Because it’s Oscar season, I wanted to talk about one of my all-time favorite performances in the Best Actor in a Leading Role category, the wonderful Ray Milland in The Lost Weekend (1945).
The Lost Weekend is a stark, honest and heart-wrenching depiction of alcoholism and its consequences, as we follow Don Birnam through his four-day drinking bender. The film starts by showing us a bottle hanging out of a window. This is Don’s apartment. We see him packing his things as his brother Wick (Phillip Terry) talks him through the weekend they’re about to have. Helen (Jane Wyman), Don’s girlfriend, comes over to see them off and casually mentions she’s going to see a show that afternoon and that she has two tickets. Don suggests that Wick should go with Helen and that they can catch the 6.30 train. Both Wick and Helen know exactly what he has in mind but he reassures them they’ve got nothing to worry about. What follows is a harrowing, nerve-wrecking sequence of events as Don gets increasingly desperate for a drink, and another, and another, culminating in that infamous ‘mouse and bat’ scene, superbly acted out by Ray Milland.
It’s hard to choose a best moment in this faultless performance, but the scene where Don explains why he does this, is surely very near the top. He’s a failed writer – we’ve all been there – and this is his way of coping with it: he drinks himself into oblivion. And the way he details his suffering in this strikingly real speech (‘There are two of us, you know: Don the drunk, and Don the writer’) is heart-breaking because it’s so true.
Ray Milland won the Oscar for his performance and, let’s face it, he had no competition.

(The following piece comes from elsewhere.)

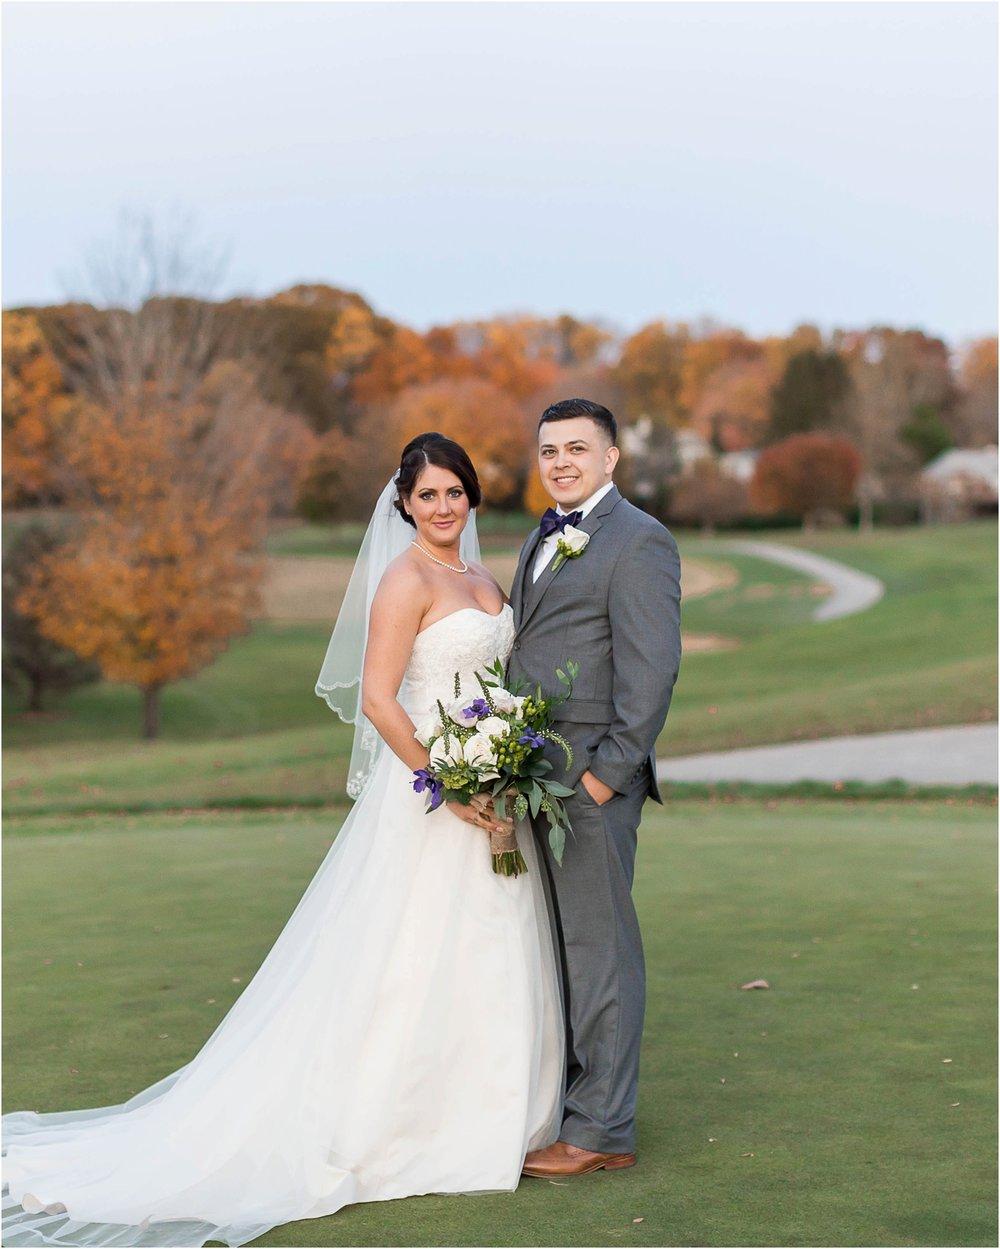 Hobbits-Glen-Golf-Course-Wedding-894.jpg

His performance was a break-through, an eye-opener and it’s completely timeless. The Lost Weekend ended up with three more Oscars, for Best Picture, Best Director (Billy Wilder) and Best Adapted Screenplay (Wilder and Charles Brackett, adapted from Charles Jackson’s novel), but more importantly, it stands the test of time for its unafraid depiction of such a delicate subject, with a phenomenal central performance at its core.